Powerful. Dangerous, then, and likely wielded or created by someone much more competent than her with Intent, maybe. Possibly with enchanting or formations, too, if that’s part of what she’s sensing in the complex flows of the fishhook.
But by its nature, it’s dragging her towards a given target or location, rather than leaving her wondering where her target might be. She decides to let it drag her, but pulls her warform from the depths of her spatial distortion, layering it much, much closer to the ‘surface’. Additionally, she prepares a few different pockets of Qi under her skin, Blacksteel shards primed to detonate them into True Flame. If whoever is dragging her away tries to kill her right away, she’s fairly certain they won’t expect a bomb in response.
And then the whiplash lessens, the wind resistance diminishes, and she finds herself crossing an open clearing carved into a vine as if by some old battle. Invisibly, perfectly noticeable to her senses but somehow muffled and hard to notice, an arm reaches out and grabs her around the shoulders.
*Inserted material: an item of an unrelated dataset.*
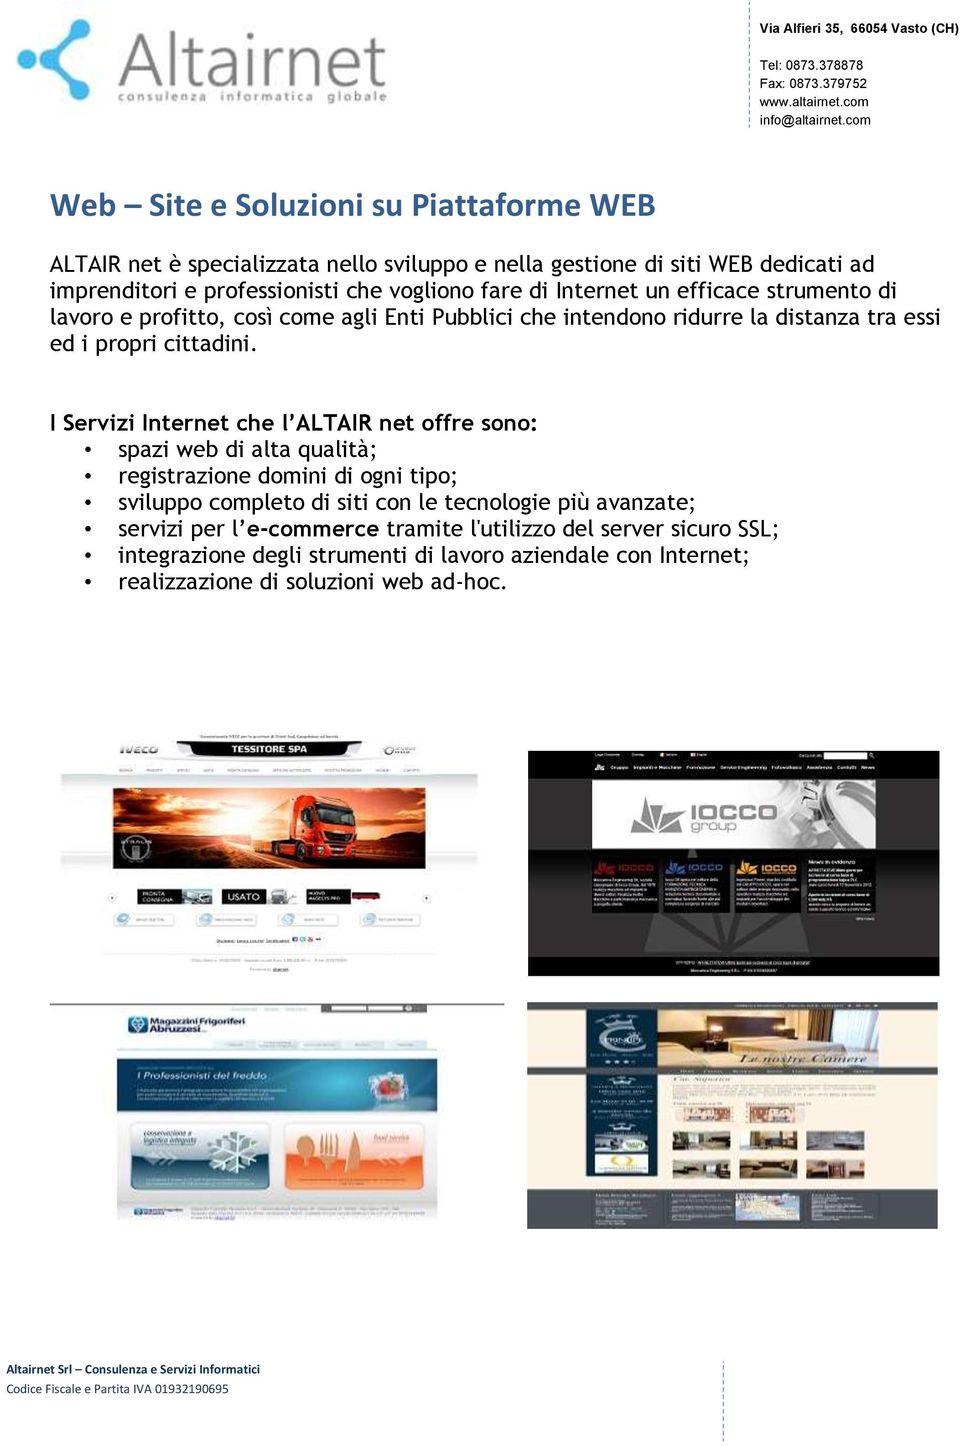 I Servizi Internet che l ALTAIR net offre sono: spazi web di alta qualità; registrazione domini di ogni tipo; sviluppo completo di siti con le tecnologie più

A bone blade is already forming out of the stump of her right arm, moving to strike-
“Woooah there! Looks like ye almost got knackered, ya did! You alright, spicy thing, or you gonna try and split me open?”
A tall man, almost stretched out, his limbs long and gangly, gives her a broad grin, his teeth blackened like perfect midnight and all four of his eyes near-mercurial pools of green. His skin is a bit darker than Raika’s, a richer mahogany, and he’s dressed in a series of bandoliers and floral patterns, matching the smile he absolutely radiates.
“Don’t suppose ye’r a feral, are ye? Would make it a mite bit tougher to keep friendly if you try to slip me some teeth, and you seem tough ‘nough that you ain’t passed out yet. Do ya speak, beastie?”
Raika can, in fact, speak. Instead, she bursts out laughing, splashing blood and sweat all over the vine they’re standing on.
“Oh, gods and spirits,” she cackles, “I love this place. The name’s Raika, friend.”